> [Required action]:
From the entries below, print exactly the span beginning with the line holding "Hersteller: Kustom Kit" and ending with the line holding "80's Vintage Shorts: 80s", endpoints included, and skip any pictures.
--- Information provided Enclosed Below ---
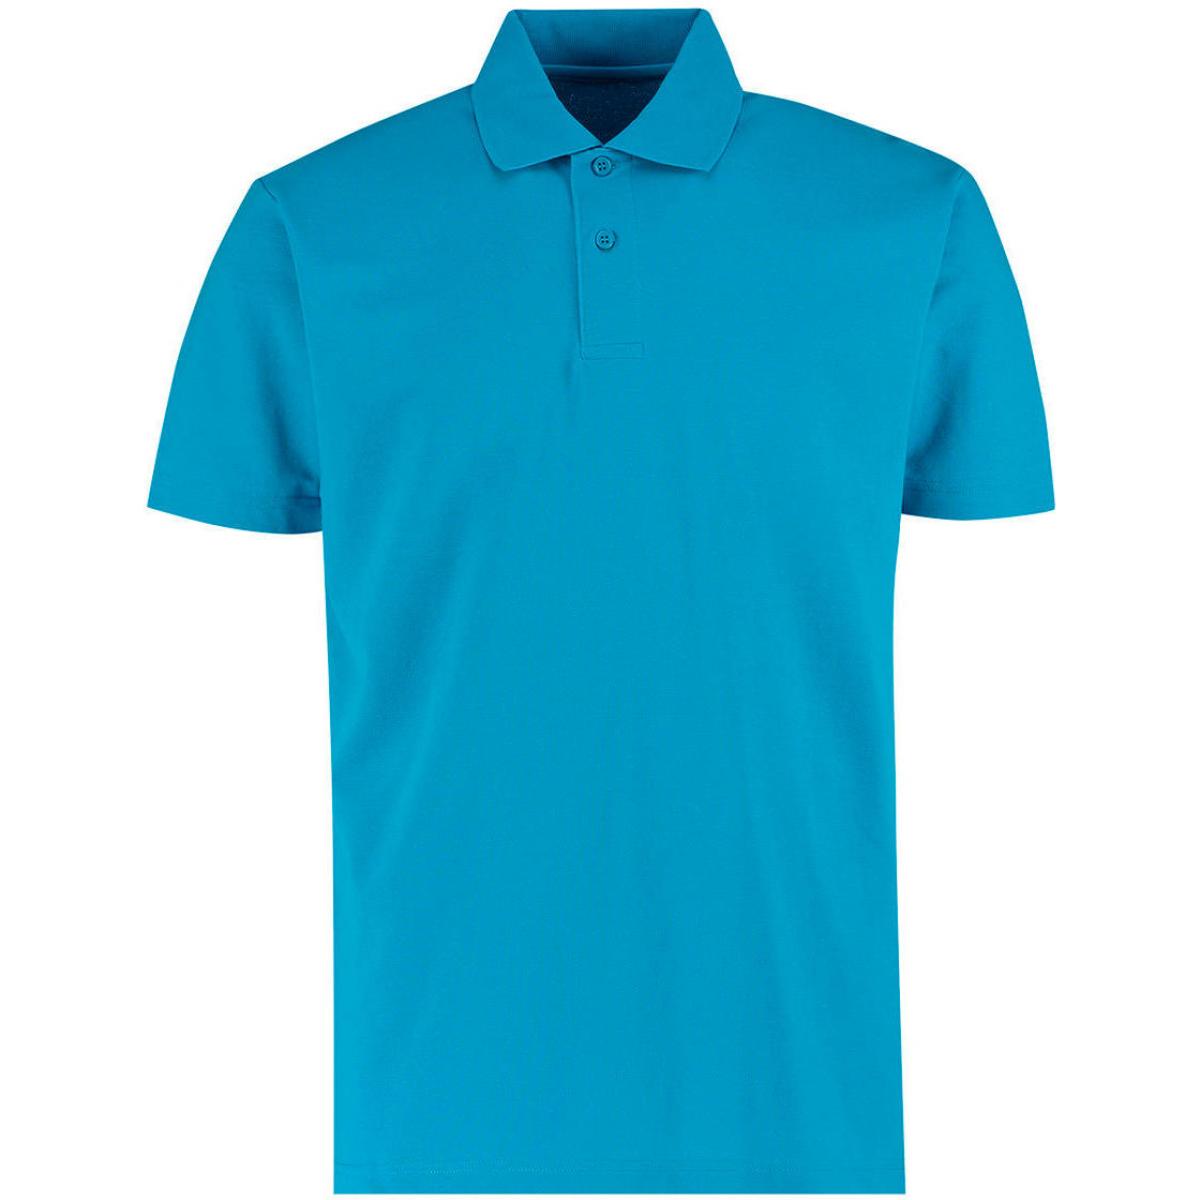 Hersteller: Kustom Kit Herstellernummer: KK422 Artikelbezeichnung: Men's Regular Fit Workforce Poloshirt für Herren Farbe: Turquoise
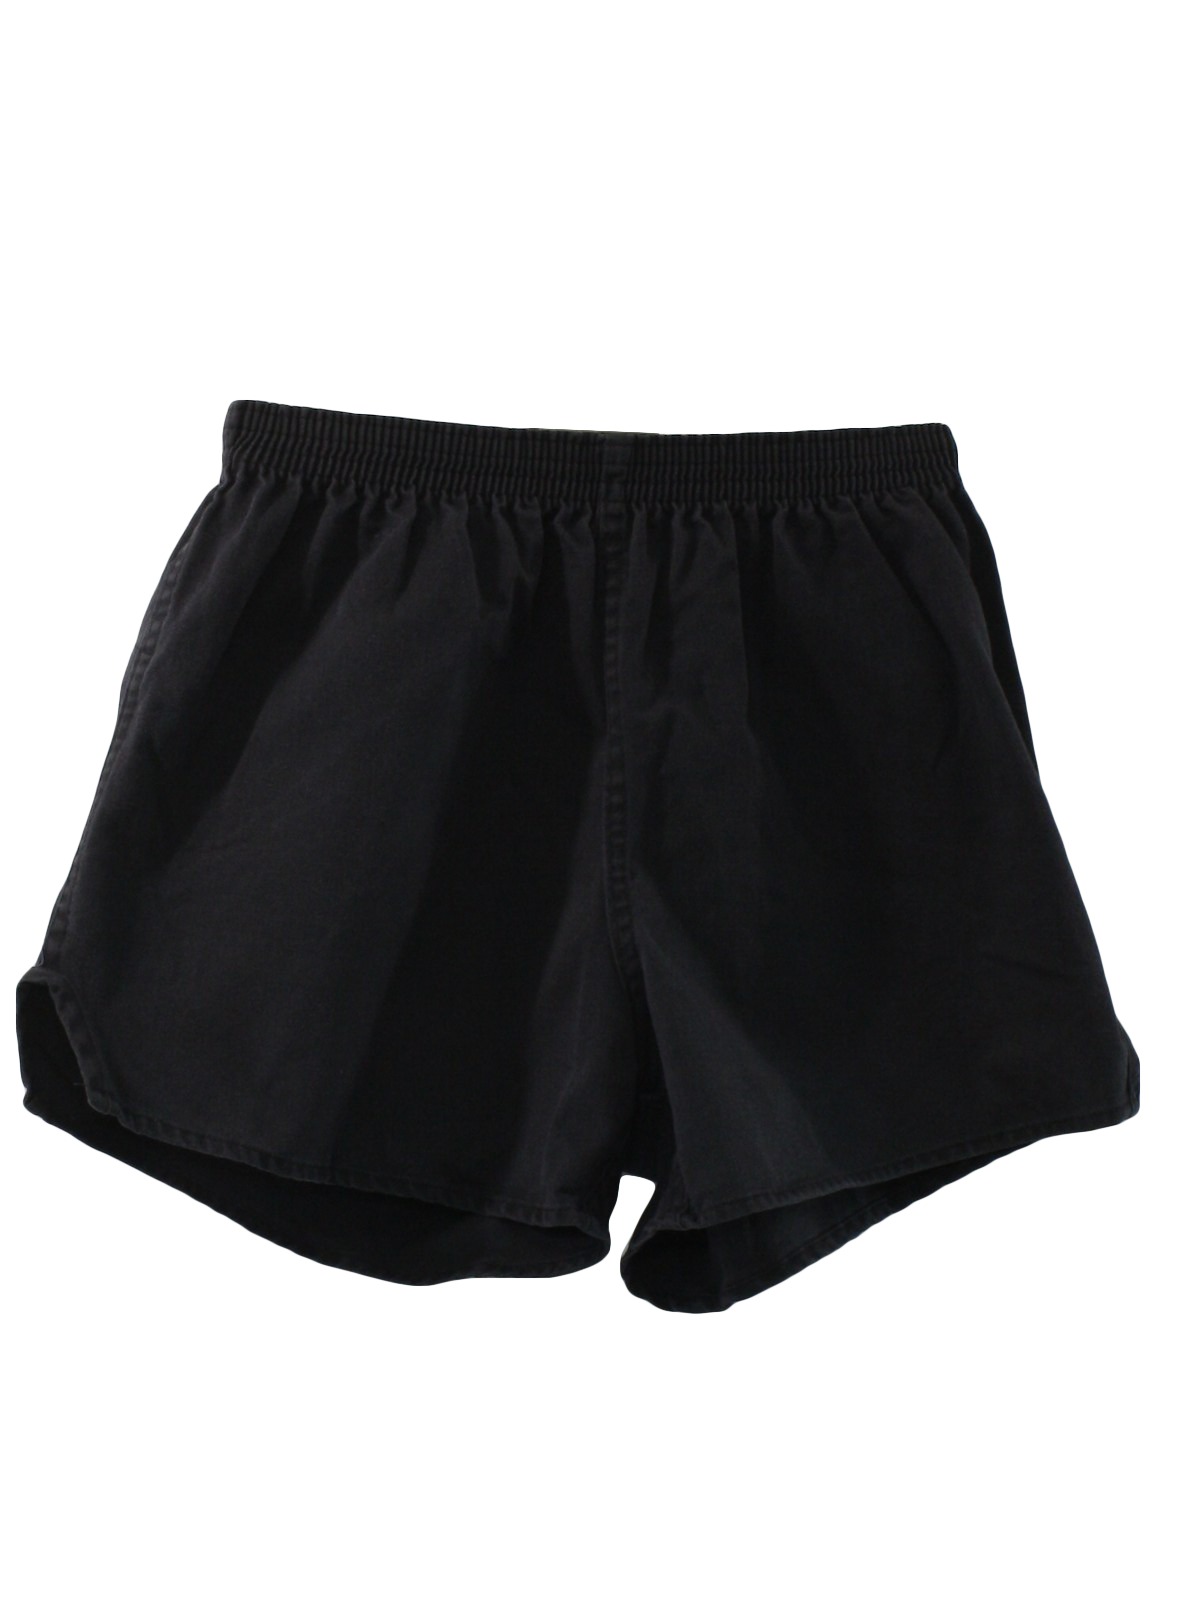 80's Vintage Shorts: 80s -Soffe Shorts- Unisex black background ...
--- End of Enclosed Information provided ---
--- Information provided Enclosed Below ---
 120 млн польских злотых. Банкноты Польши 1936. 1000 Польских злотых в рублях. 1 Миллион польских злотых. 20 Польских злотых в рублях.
--- End of Enclosed Information provided ---
--- Information provided Enclosed Below ---
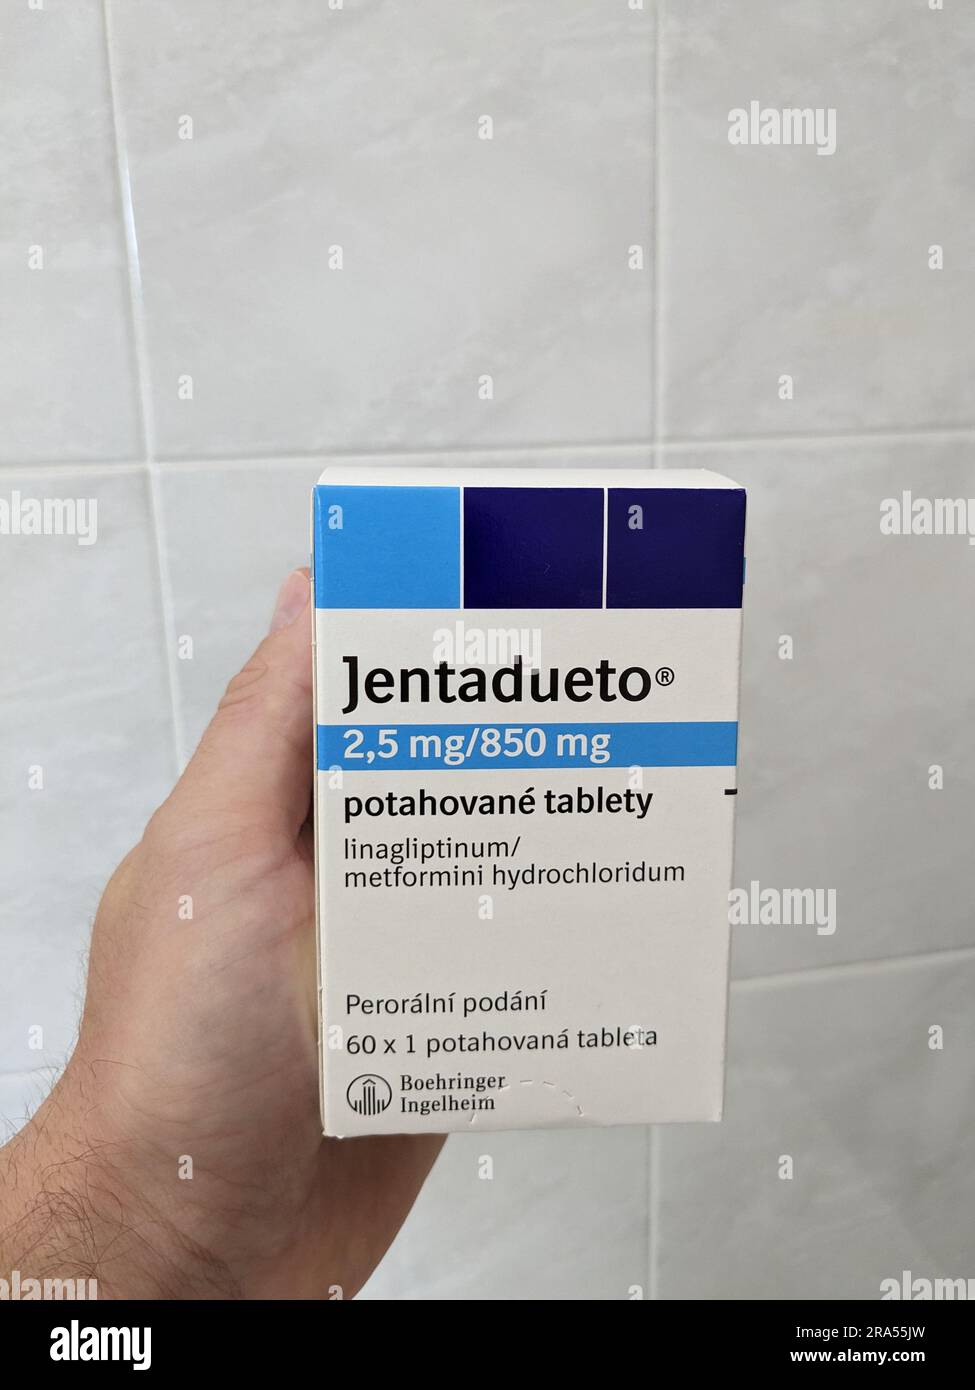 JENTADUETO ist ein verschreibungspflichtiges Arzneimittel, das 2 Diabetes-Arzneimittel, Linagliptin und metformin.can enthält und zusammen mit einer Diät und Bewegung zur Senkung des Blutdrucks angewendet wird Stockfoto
--- End of Enclosed Information provided ---
> [The answer]:
 Hersteller: Kustom Kit Herstellernummer: KK422 Artikelbezeichnung: Men's Regular Fit Workforce Poloshirt für Herren Farbe: Turquoise
 80's Vintage Shorts: 80s -Soffe Shorts- Unisex black background ...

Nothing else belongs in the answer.